Please transcribe the listing that follows exactly; images are to be excluded.
Start of INFORMATION SHOWN
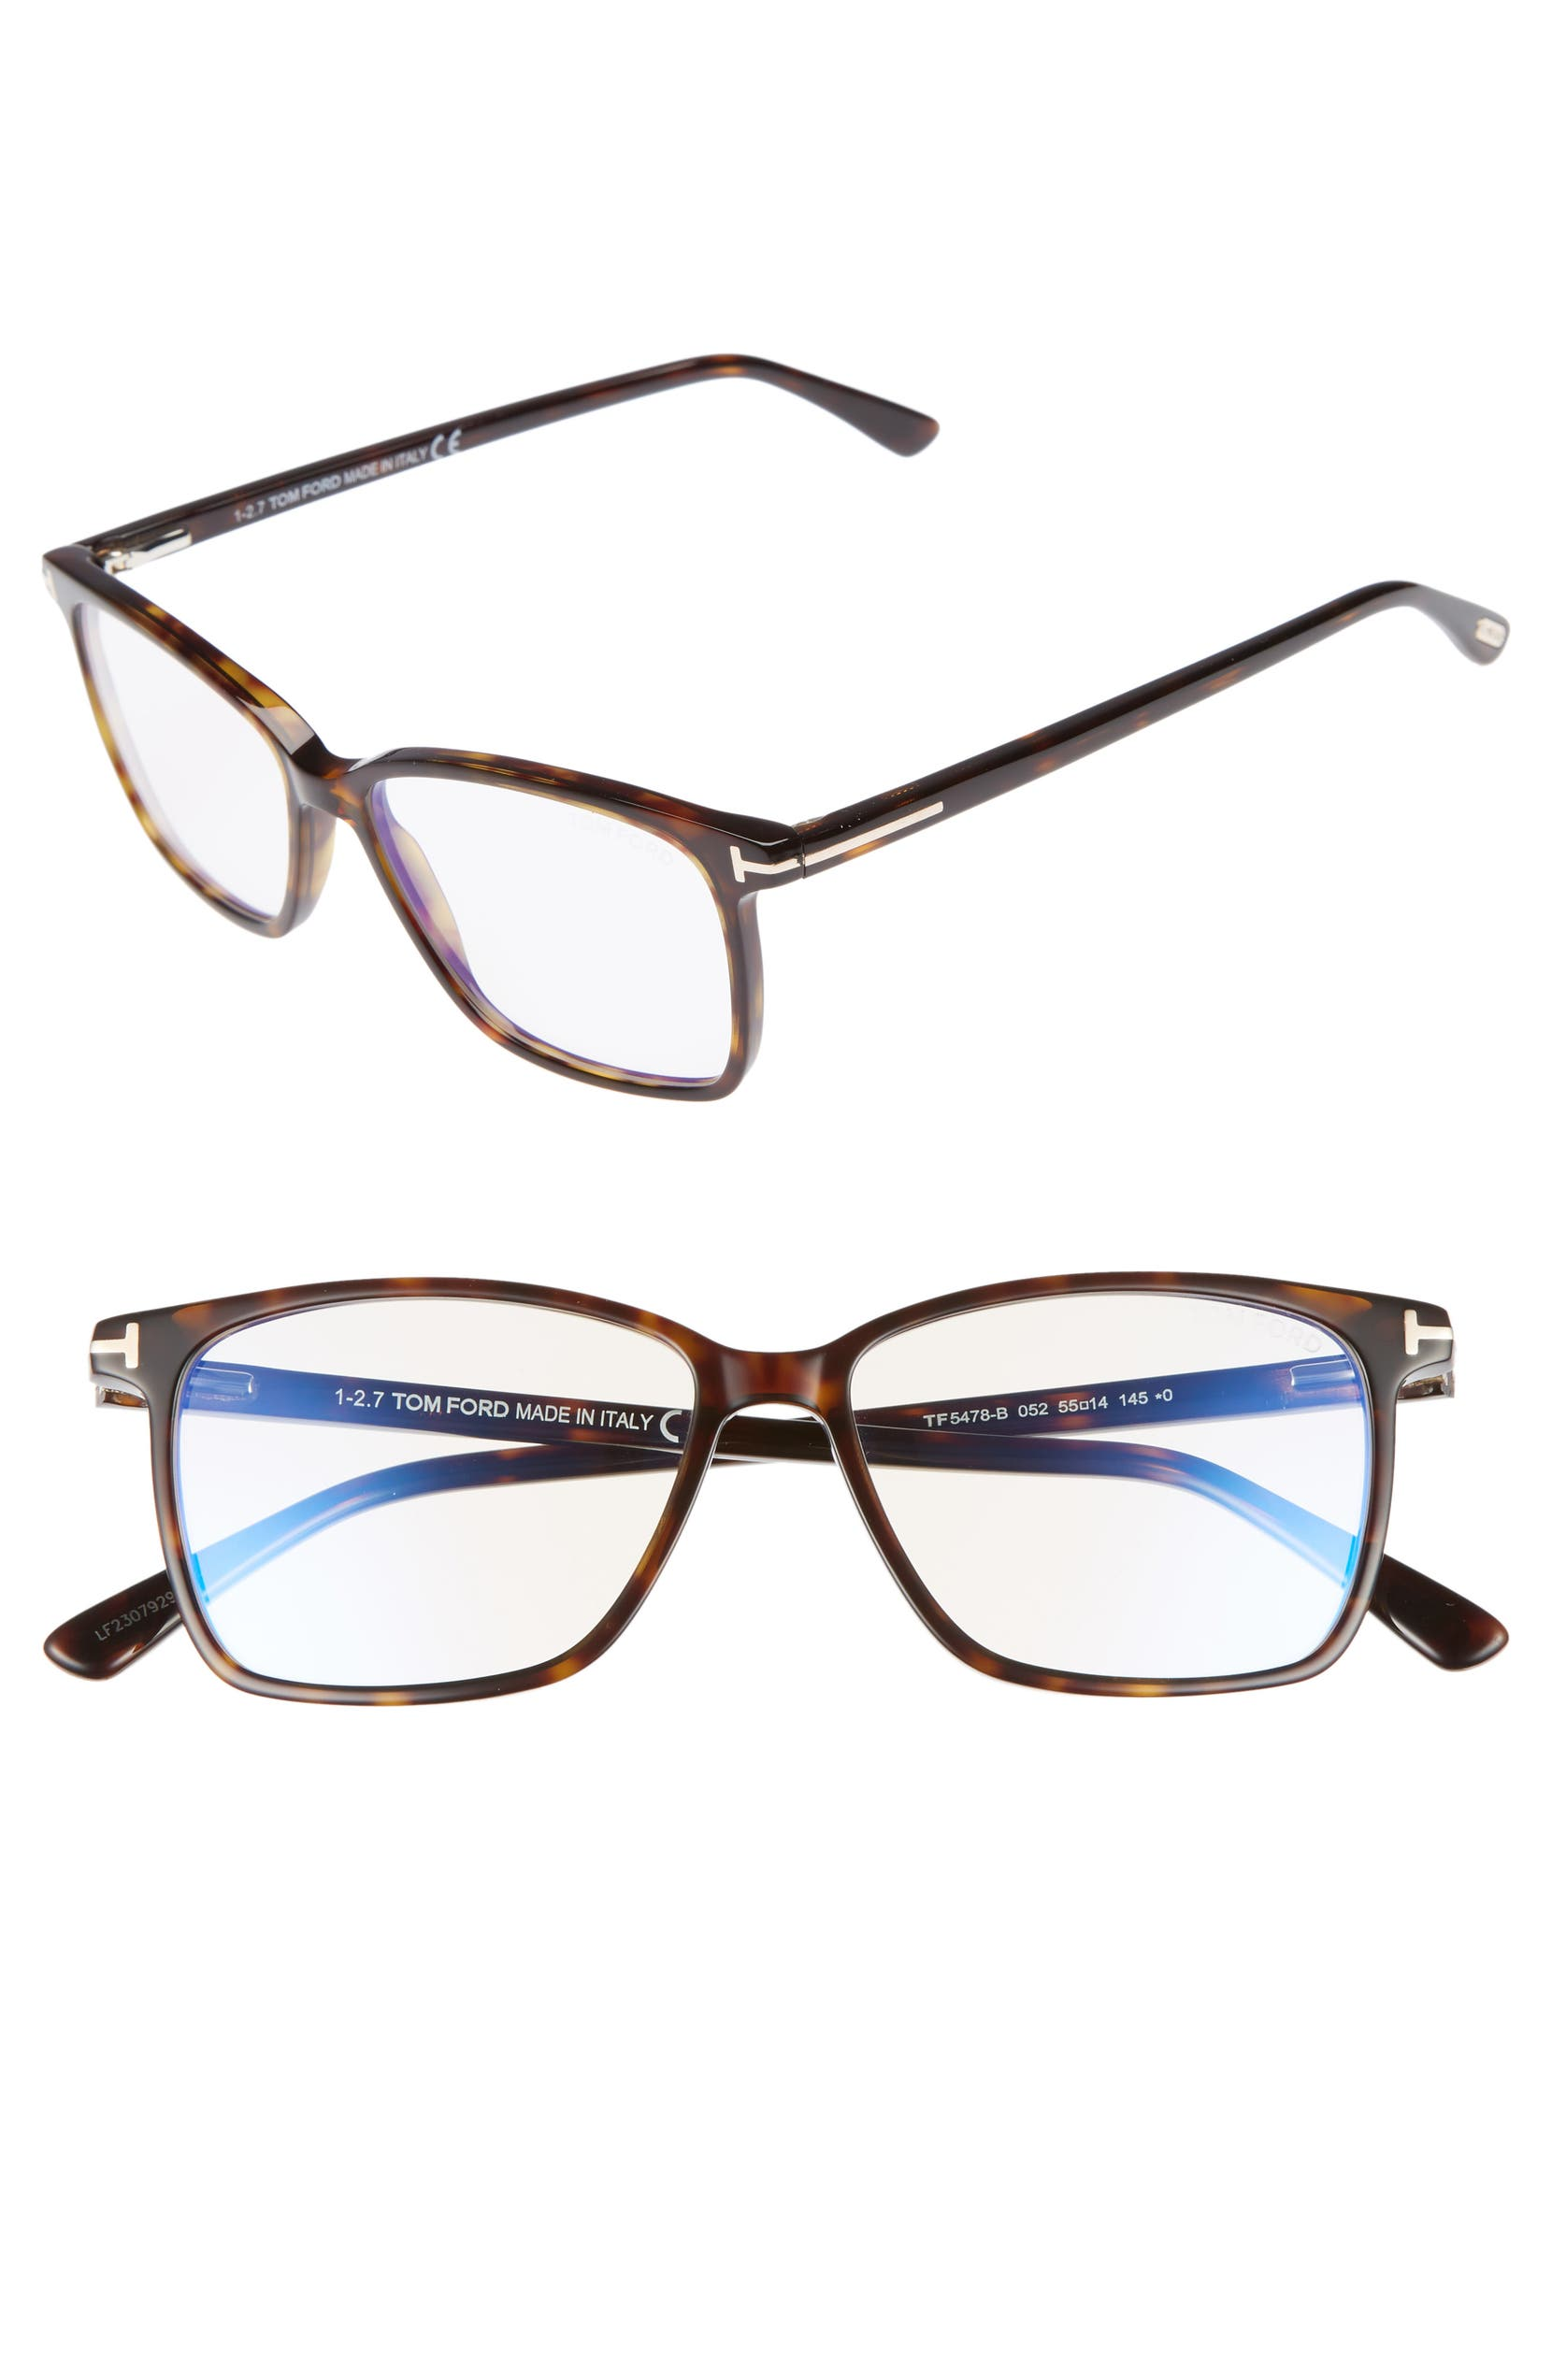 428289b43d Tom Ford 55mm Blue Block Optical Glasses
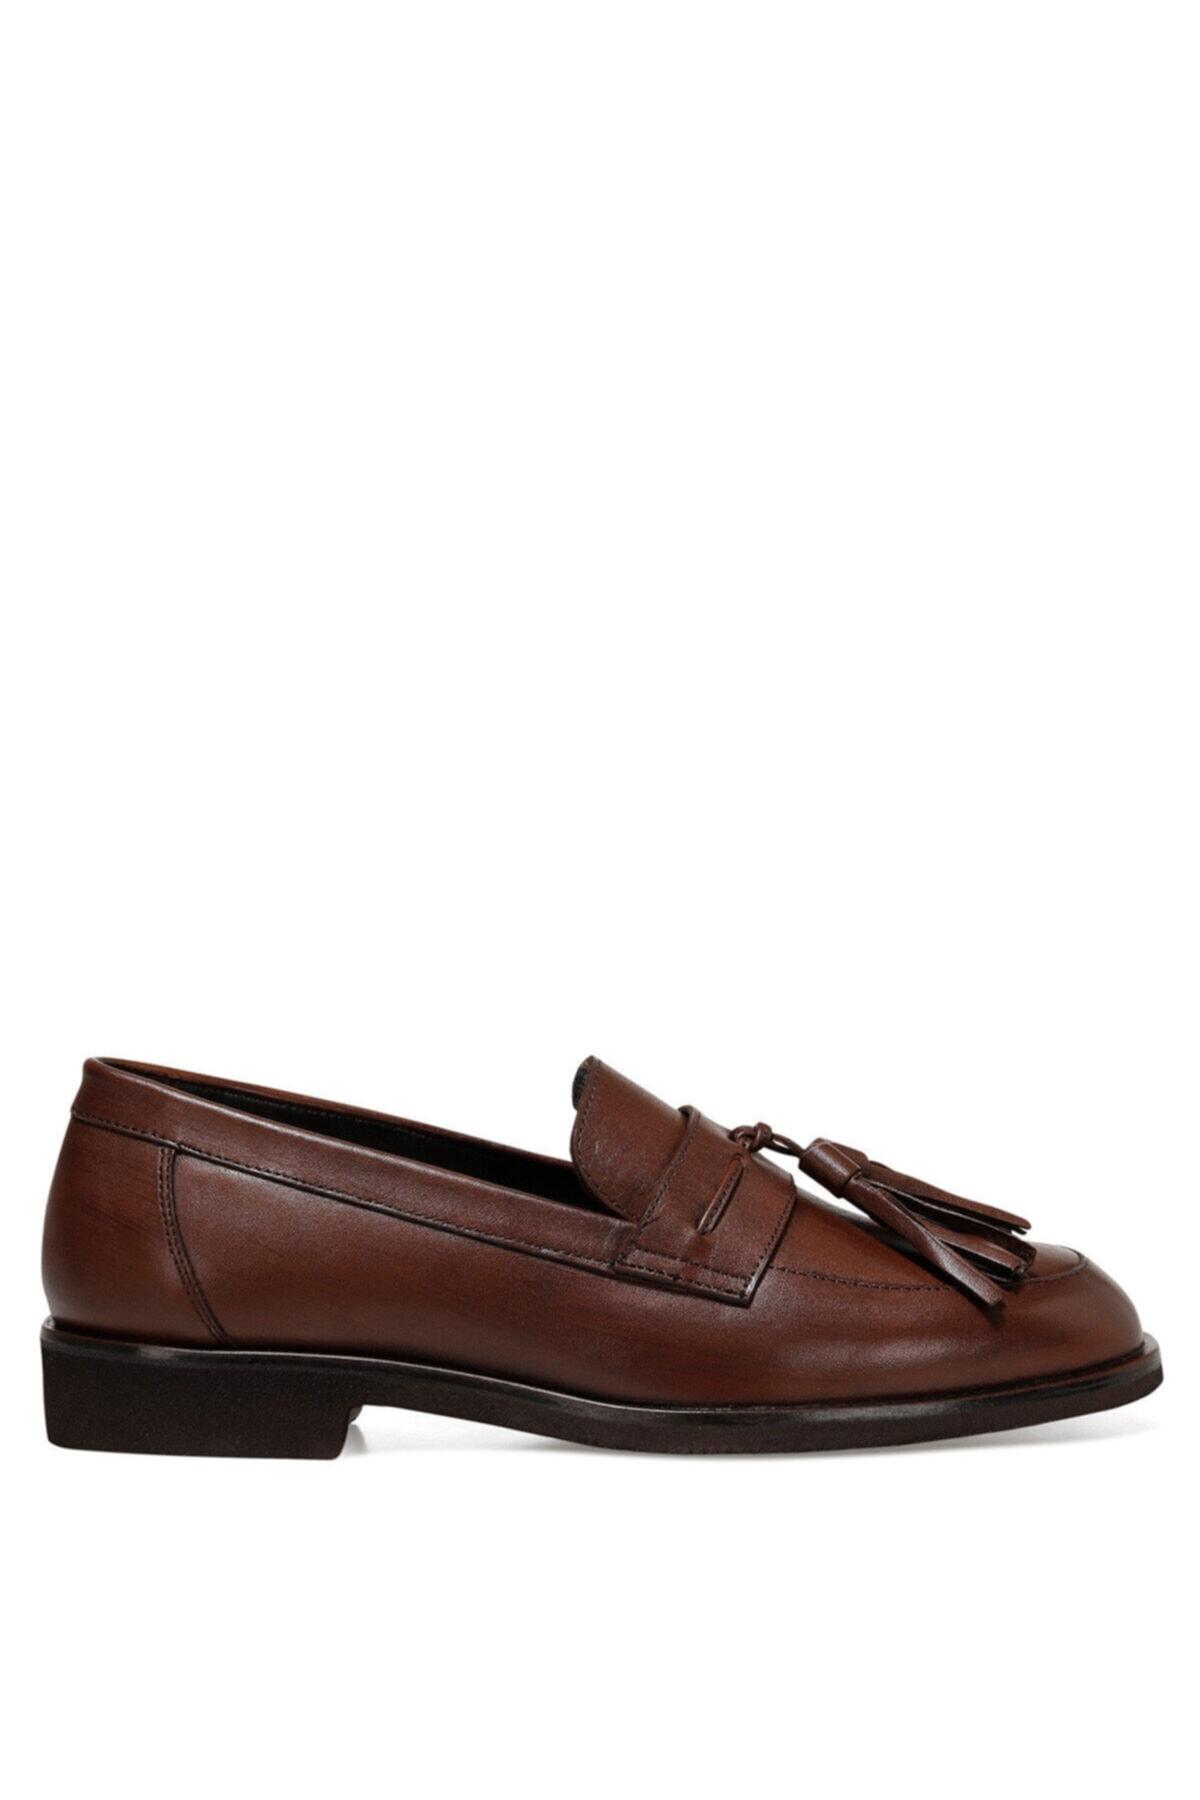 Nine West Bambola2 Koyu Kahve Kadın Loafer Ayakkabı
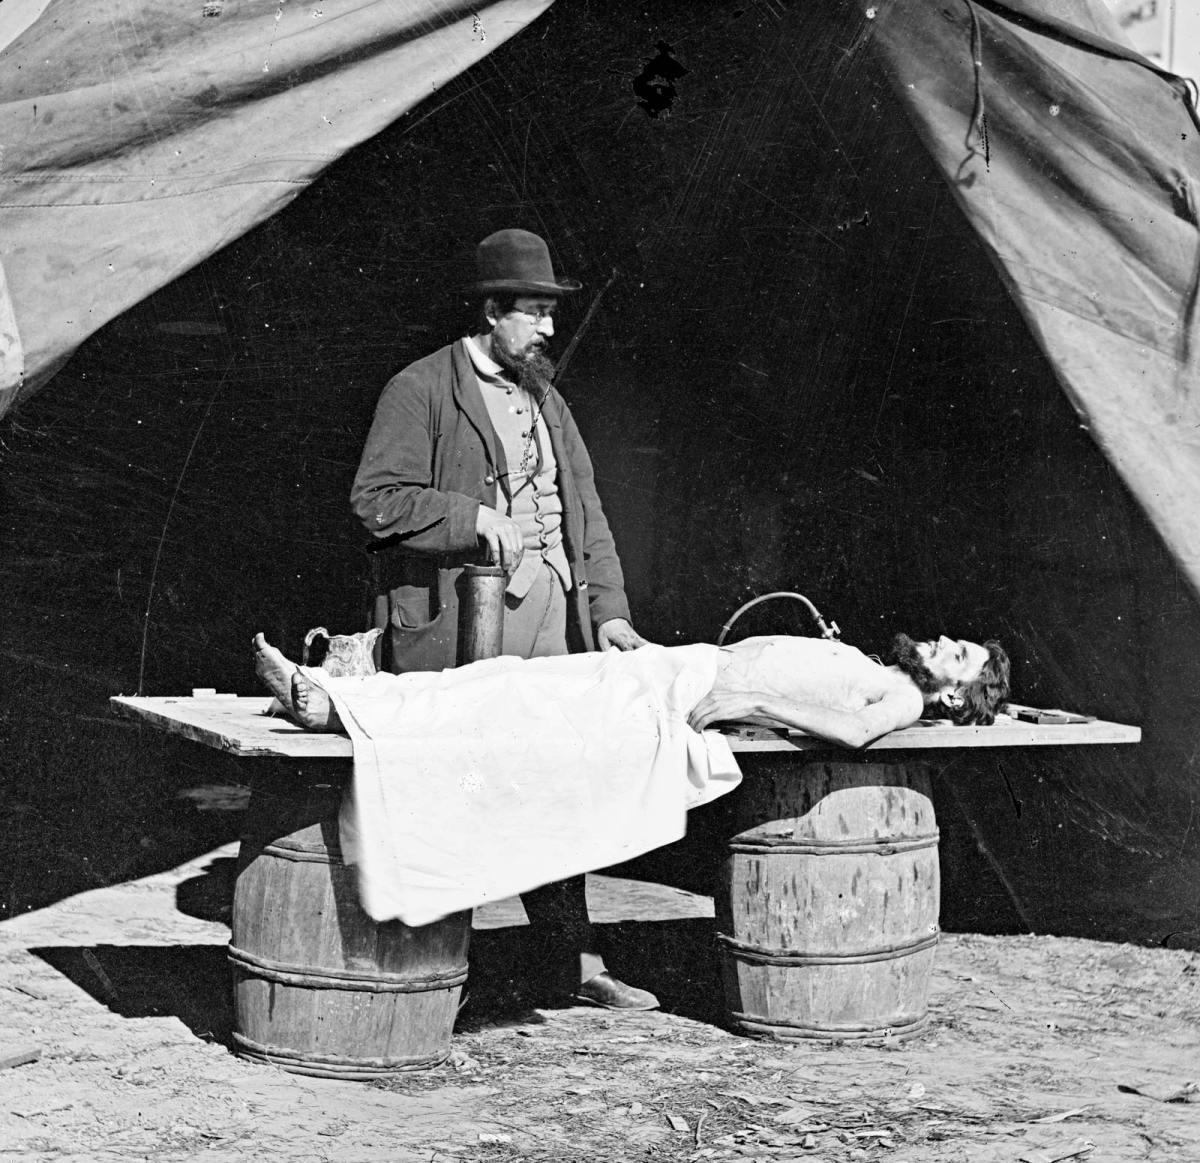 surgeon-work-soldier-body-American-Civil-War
End of INFORMATION SHOWN
* EXPECTED ANSWER *
 428289b43d Tom Ford 55mm Blue Block Optical Glasses
 Nine West Bambola2 Koyu Kahve Kadın Loafer Ayakkabı
 surgeon-work-soldier-body-American-Civil-War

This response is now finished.